I'm just wandering, a bit lost on purpose, but still making my way, exploring, so please forgive the disjointed tone of this post.
I've been reading, a lot, for the last month and I suppose I use fiction a bit like other people use drugs. Books are an escape, even if only for the duration of 356 pages. My latest obsession is a series by Keith Ablow whose main character is a forensic psychiatrist, not unlike the author, Dr. Ablow. His obvious forte is the darker parts of the psyche.
I don't know why I'm so attracted to it other than to say I see something of myself in both the healer and in the tormented, twisted killers. I’ve always been fascinated by the mind and the ways in which it will protect itself. A lot like the main character of this book, I have a hard time not wanting to hear others stories if only to see what they endured and their subsequent life results both normal or not. There are many unknown, mitigating, and circumstantial factors with which we are bombarded and those elements shape us into who we are, not what we do, but who we are underneath the artifice of our jobs, and the persona we often let others view. Those hidden seeds, planted in early in life, often bear unrecognizable fruit. It is that fruit I want to examine first in me and subsequently in others.
I think the majority of individuals are capable of even the most vile and horrifying of acts when pushed to their limit. Put someone in a corner and they will come out fighting with wielding whatever weapon they have at their disposal or they will collapse. I want to know why one will fight and the other will not.
Research shows skin cancer usually manifests itself from a sun burn received early on in our childhood and the worse the burn, and the earlier the burn, the more likely your changes of developing melanoma. While the surface colors an array from salmon pink to lobster red the real damage is deep. And it stays deep. Well below the surface, the damaged cells can take years to mutate into a cancer which may very well take the life of its host. Then again, the damage may not mutate at all. Those changes may simply produce wrinkles and a few age spots, and while seen as aesthetically undesirable, they are hardly life-threatening.

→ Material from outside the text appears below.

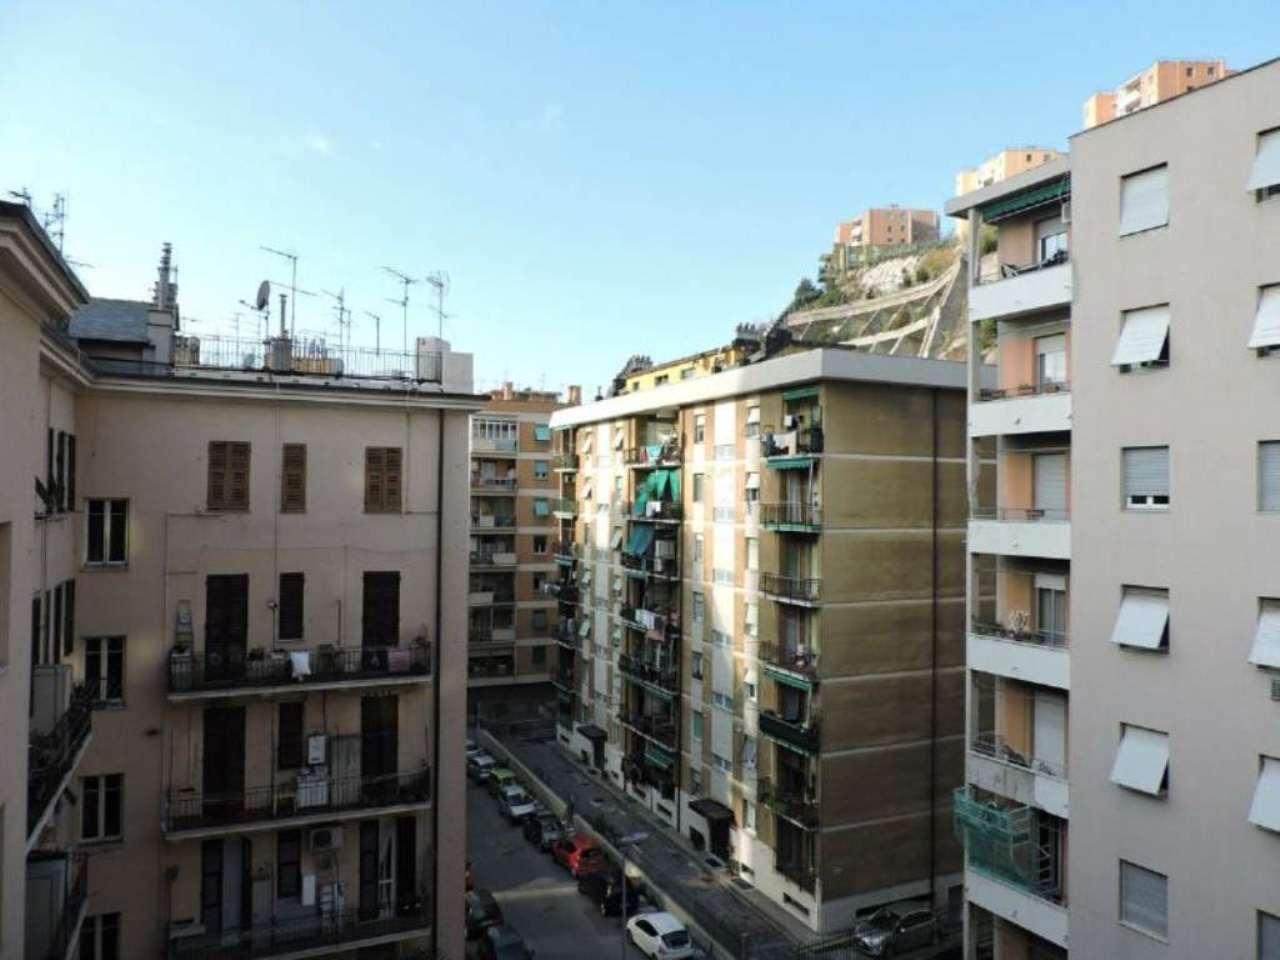 Bilocale Genova Via Dino Col 10

I often wonder if our brain works in much the same way.
Within the last half-century we’ve progressed form a June Cleaver, Ozzie and Harriet view of the world where no one talked about the obvious elephant in the room to our present reality-television obsessed society where we not only discuss the elephant but parade him around in hopes someone will pay for us to be the next guest on Jerry Springer, Judge Judy, or any variety of show pandering to the lowest common denominator.
Why being mentally healthy has always been viewed as secondary to physical health I don’t know. I do know I am thankful we’ve come out of the “dark ages” where I’m perfectly comfortable telling someone I suffer from depression. Ever the inquisitor, I continually look for the answer to my depression to my ups and downs. Ever ephemeral, the answer continually eludes me. I’m questioning nature verses nurture which is both age old and, in my woefully-uneducated estimation, unanswerable.
Being in the middle of a separation and headed to divorce, I can attest to emotional wounds being more exhausting and taking much longer to heal than physical ones thus prompting the following questions and observations. The ability of the body to heal itself is nothing short of a miracle and children seem to bounce back from physical scrapes, cuts and burns much more quickly than do adults. With that in mind, those values are also superimposed onto emotional scrapes, cuts and burns.
We think children are too young to remember certain events or that because their minds are still in the developmental stages they’ll quickly forget and move on to whatever the newest and latest craze it. But, what if our brain takes those emotional scrapes and cuts, an emotional “sunburn,” from our childhood in whatever form it occurred—physical, emotional, verbal, sexual abuse or some other tragedy—and files it away. There, in the deep recess of our psyche, it sits and begins to mutate, transform. What happens then? Are the resulting depressions, psychoses, and violent manifestations a form of emotional cancer? Can a parallel be drawn between the severity of the emotional trauma and the depth of ones depravity? Or, due to nature—or nurture—are some people better equipped and the resulting neuroses the equivalent of an age spot or a wrinkle.
I know, right about now you’re probably wondering why I couldn’t post on the innocuous. I don’t know. It’s just not the way my brain works. Right now I’m trying to navigate through uncharted territory and keep the damage from turning into cancer. Writing about it is cathartic and, oddly enough, relaxing.